VALENTINE J. All the Justices concurring.

OPINION

VALENTINE, J.:

This action was commenced by Mary A. Reynolds, a minor, by her guardian, Elias McCowen, against Mary A. Reynolds and Amanda Reynolds, for the purpose of establishing a resulting trust in certain real estate in favor of the plaintiff and against the defendants. The defendants demurred to the plaintiff's petition, upon the ground that it did not state facts sufficient to constitute a cause of action; which demurrer was overruled by the court, and the defendants excepted. The defendants then answered, setting up that they were the absolute owners in fee simple of the land in controversy, and also setting forth considerable new matter not contained in the plaintiff's petition. The plaintiff replied to this answer, denying generally all the new facts set forth therein which might be considered as inconsistent with the plaintiff's petition. The parties then agreed upon the facts of the case, and set them forth in an agreed statement, which reads as follows:

"February 10, 1872, J. K. Reynolds purchased from the state of Kansas the southwest quarter of section 36, township 30, range 16, in Wilson county, Kansas, under the law then existing, providing for the sale of school lands in the state of Kansas, and entered into a contract complying with the provisions of the law then in force, and paid the first installment on said purchase, to wit: On February 10, 1873, he paid on said purchase, interest, $ 43.20; on February 10, 1874, he again paid interest on the balance of purchase-money, $ 38.40; on February 10, 1875, he paid $ 38.40, the interest on said purchase; on June 20, 1876, he paid the interest then due, $ 38.40, and made no further payment thereafter.

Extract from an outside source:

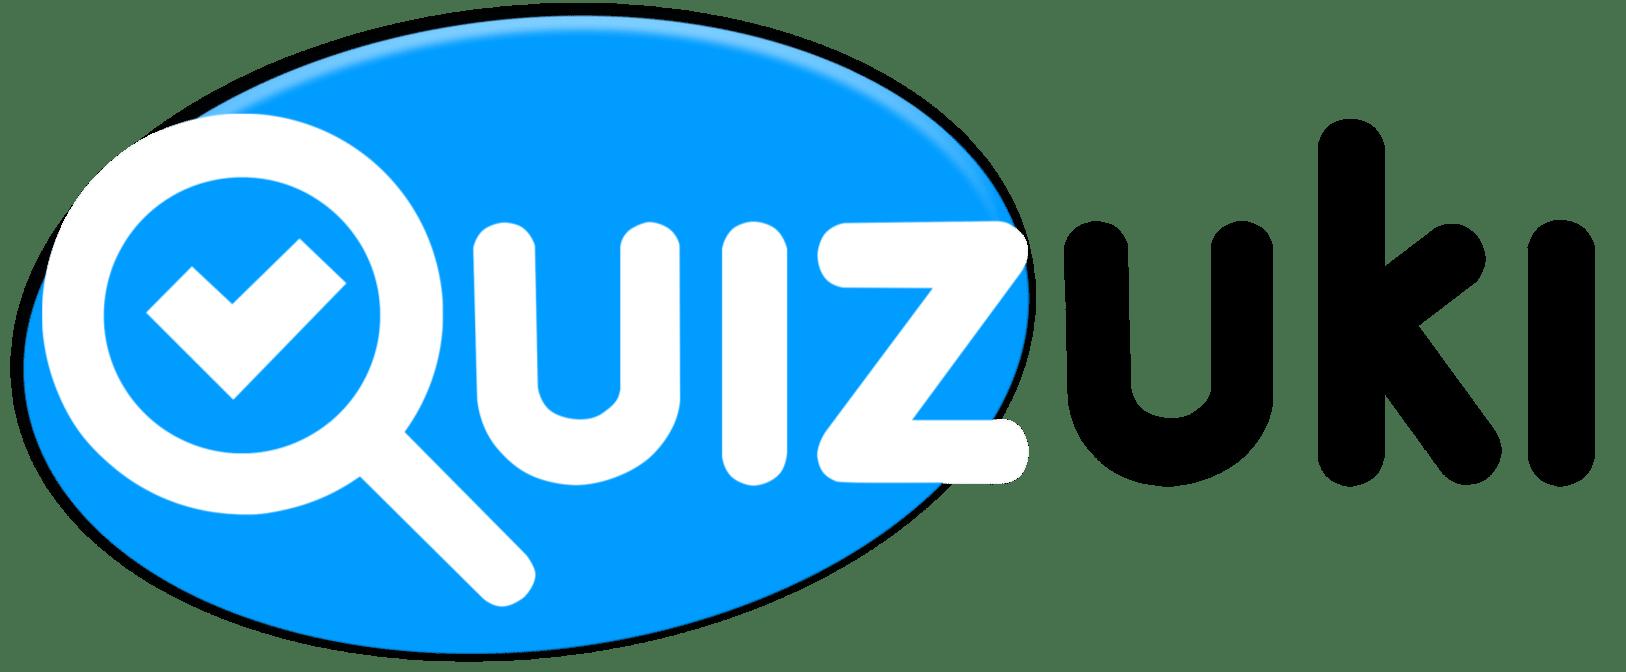 quizuki

"On September 5, 1876, the said land was sold for the tax of 1875, and bid in by the treasurer of Wilson county at $ 12.26. On October 12, 1876, J. K. Reynolds died, leaving his widow Eliza J. Reynolds and the plaintiff as his heirs at law and next of kin.

"In December, 1876, Eliza J. Reynolds assigned and delivered to the defendants the original certificate of purchase of said land, obtained from the state by said J. K. Reynolds.

"On the 19th day of February, 1877, the defendants paid the state the balance due on the aforesaid certificate of purchase. On February 11, 1877, the state of Kansas issued to the defendants a patent in due form for said land, the defendants surrendering the certificate of purchase to the state. On May 9, 1877, the defendants redeemed said land from the tax sale aforesaid, and have ever since paid the taxes thereon, and have been in the possession thereof since December, 1876.

"The plaintiff is the only child of the said J. K. Reynolds and Eliza J. Reynolds, and the only heir of the said J. K. Reynolds except his widow. Said child, plaintiff, is now only eight years of age; Elias McCowen is the legal guardian of both the person and the estate of the plaintiff.

"At the time of the death of the said J. K. Reynolds he was residing on said land with his family, and had made valuable and lasting improvements thereon, and had so resided thereon for a number of years. In December, 1876, the widow Eliza J. Reynolds surrendered to the defendants full possession of said land, and removed therefrom, taking with her the plaintiff. Prior to the commencement of this action, the guardian of the aforesaid minor tendered to the defendants the sum of two hundred and fifty dollars as part, and her interest, of the purchase-price and tax due on said land at the time defendants made said purchase and paid said delinquent tax.

"The defendants neglect and refuse to execute a deed to and for said land, or any portion thereof, to plaintiff, although legal demand has been made on them therefor, and refuse to account to plaintiff or her guardian for any of the rents and profits arising therefrom. Defendants claim that they are the absolute owners of said land in fee simple.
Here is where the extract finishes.